Let me just explain this process to those unfamiliar with it. Each model calculates coefficient values for each variable, which together produce the least total error (actually it's a sum of the square of each error). The equation for the first (4 variable) model is:
Y = 1.05*Xn + 6.77*Xg + 16.4*Xe + 49.4*Xp
or
Avg. Adj. Pts. of Top N Players = (1.05 * # Teams) + (6.77 * League Avg. GPG) + (16.4 * Ratio of nonCanadian Top N to Total Top N) + (49.4 * Ratio of PP & SH Goals to Total Goals)
In the second (3 variable) model, the coefficient values of Xe and Xp increase dramatically, as a result of Xn being excluded. This is because in the first model, Xn captured a lot of the effect present in Xe and Xp. IOW, in most of the same seasons where there was an increase in teams (due to expansion), there was also an increased representation by Euro/US players in the top N scorers, and an increased number of PP opportunities. I would think that a lot of the effects causes by increased nonCanadian players and increased PP opportunities was mistakenly attributed to the increase in the number of teams, because they each had increased values in most of the same seasons.

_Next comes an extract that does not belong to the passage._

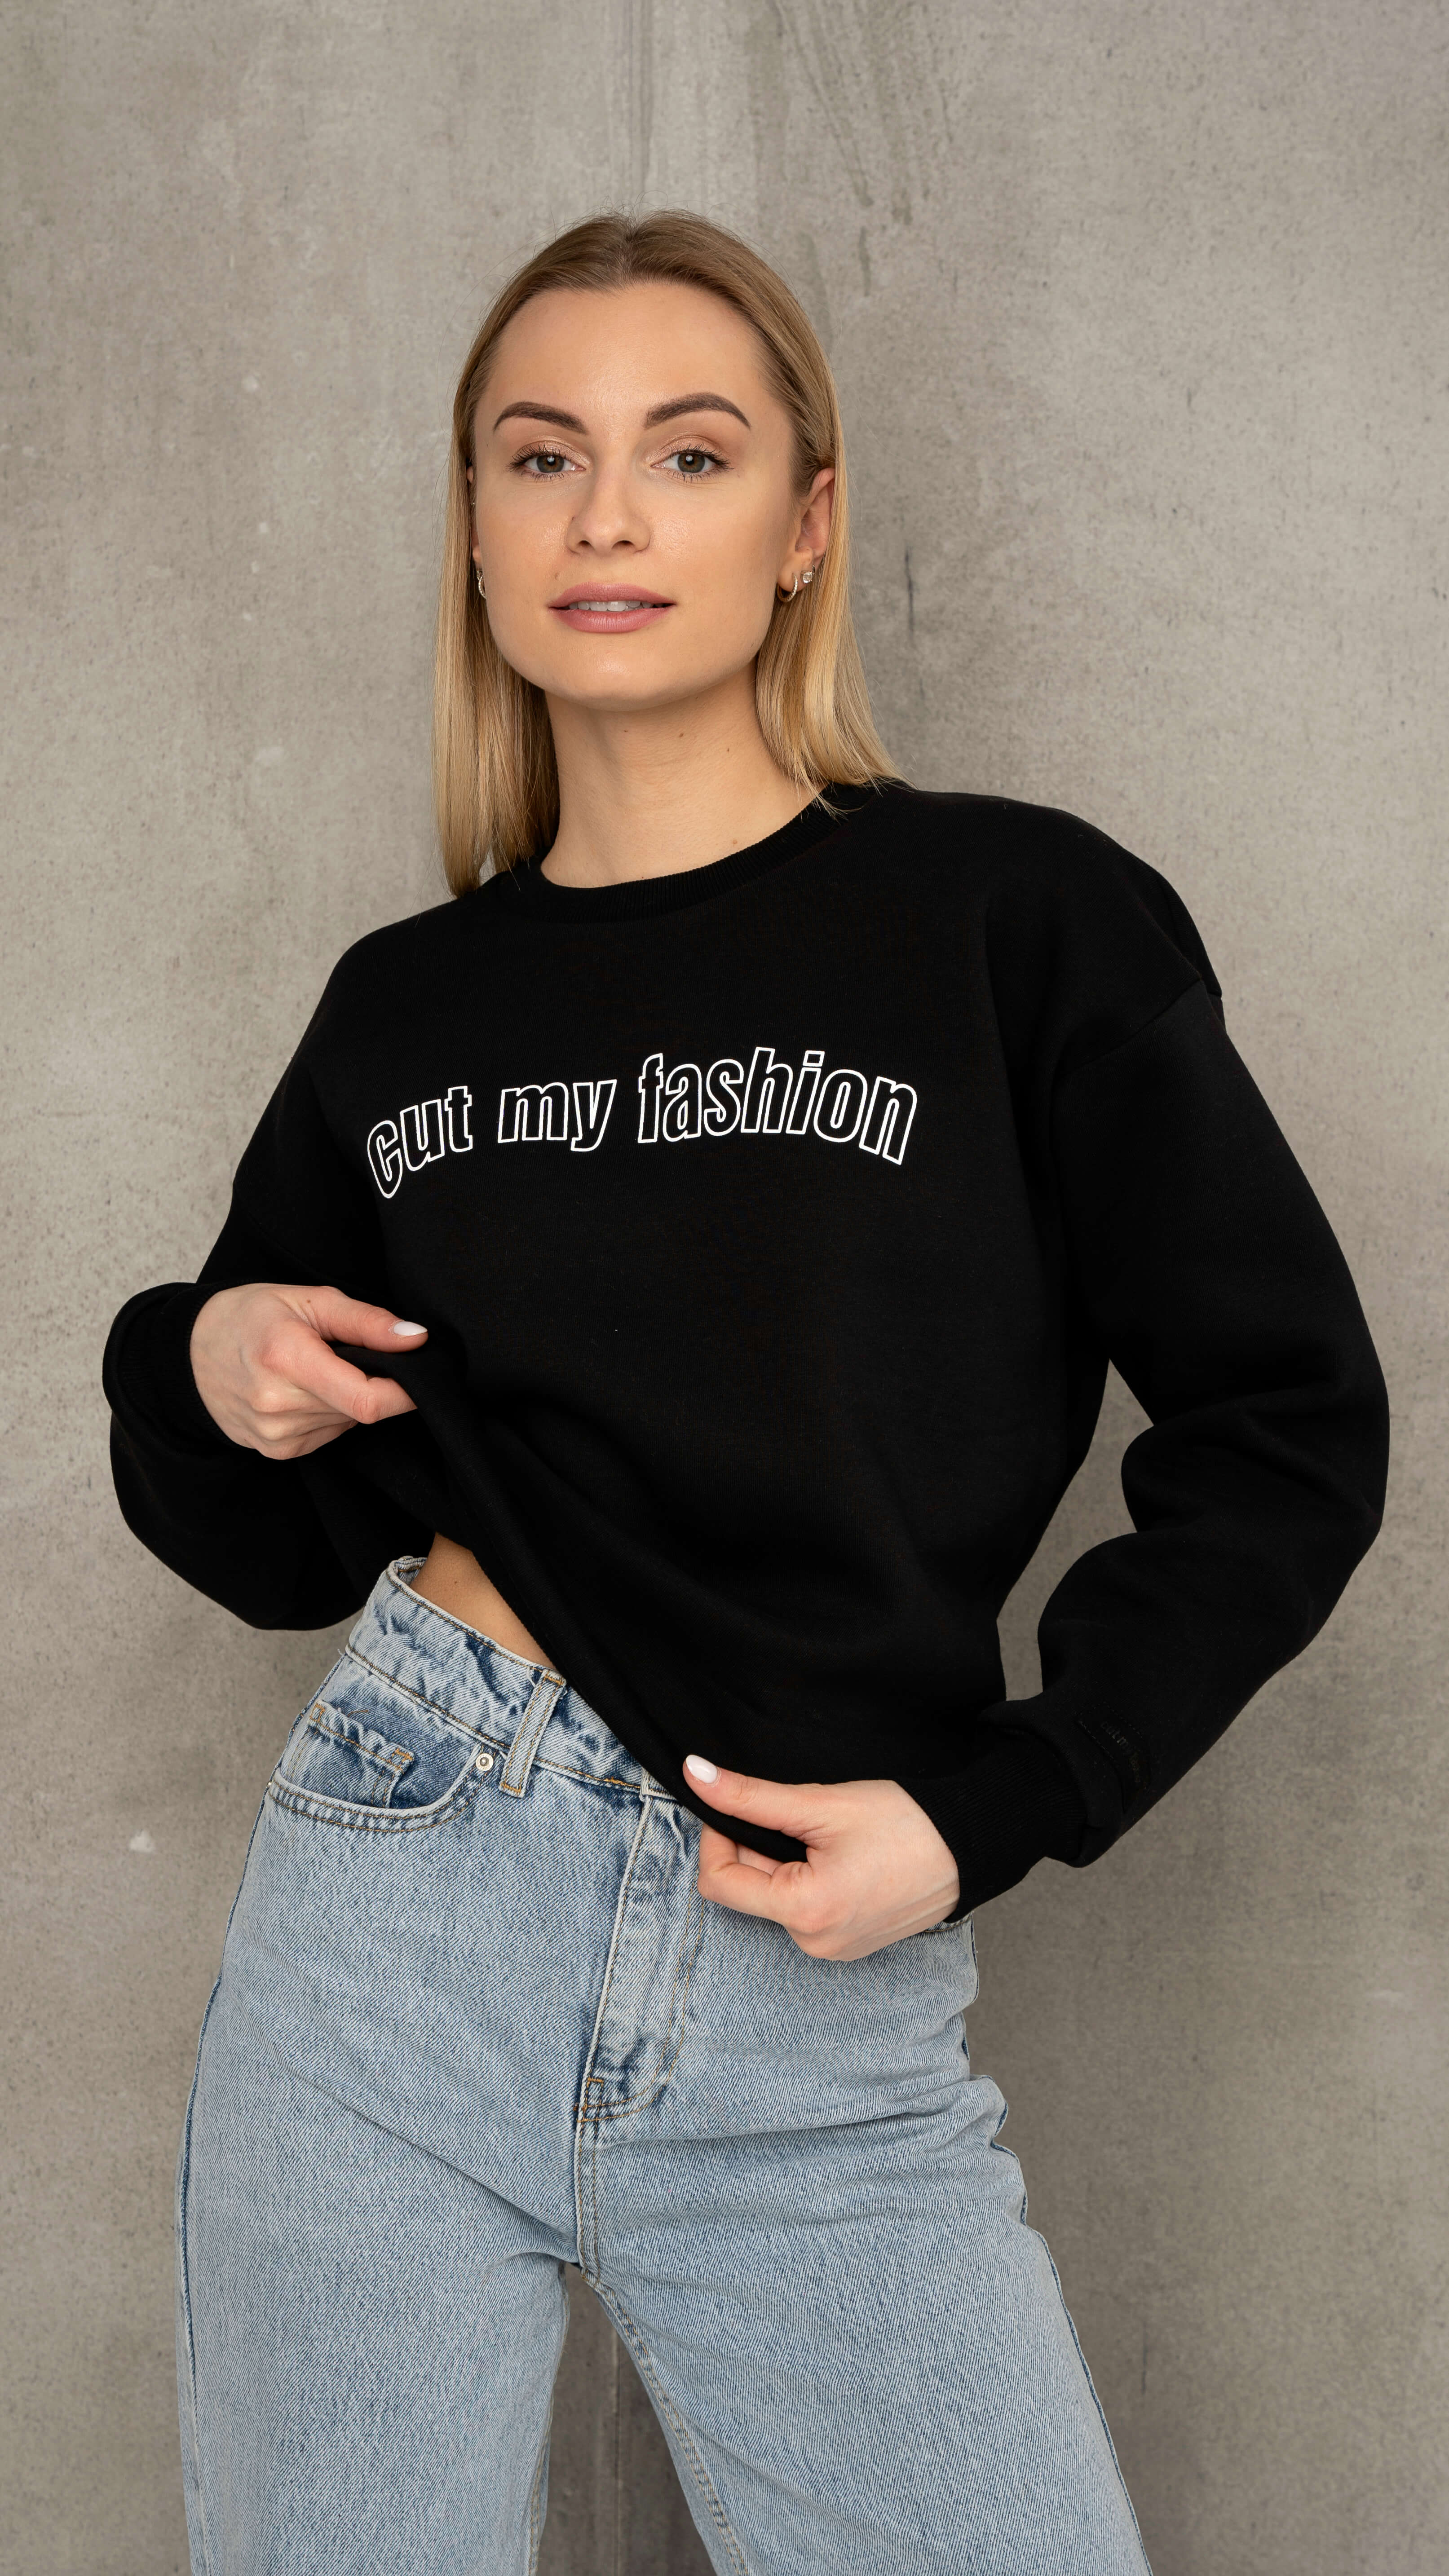 Juodos spalvos oversized moteriškas džemperis cutmyfashion

Here's what the second model would predict:
A) For each .10 increase in league gpg, a .78 increase in avg. adj. pts. of top N scorers
B) For each 10 percentage point increase in top N forwards which were nonCanadian (e.g. from 20% to 30%), a 3.95 increase in avg. adj. pts. of top N scorers
C) For each 1.0 percentage point increase (e.g. from 22% to 23%) in PP/SH goals as a % of total goals, a .49 increase in the avg. adj. pts. of top N scorers
There may be some small rounding or other errors present in each of the variables, but these shouldn't significantly affect the results. There are some alternative models that could be studied, but I would guess the most interesting modifications would be to the quality of the Y variable (using different quality or quantity of tiers), rather than to the X variables (I can't think of many other important X variables, except maybe a variable that measures parity between teams and/or players).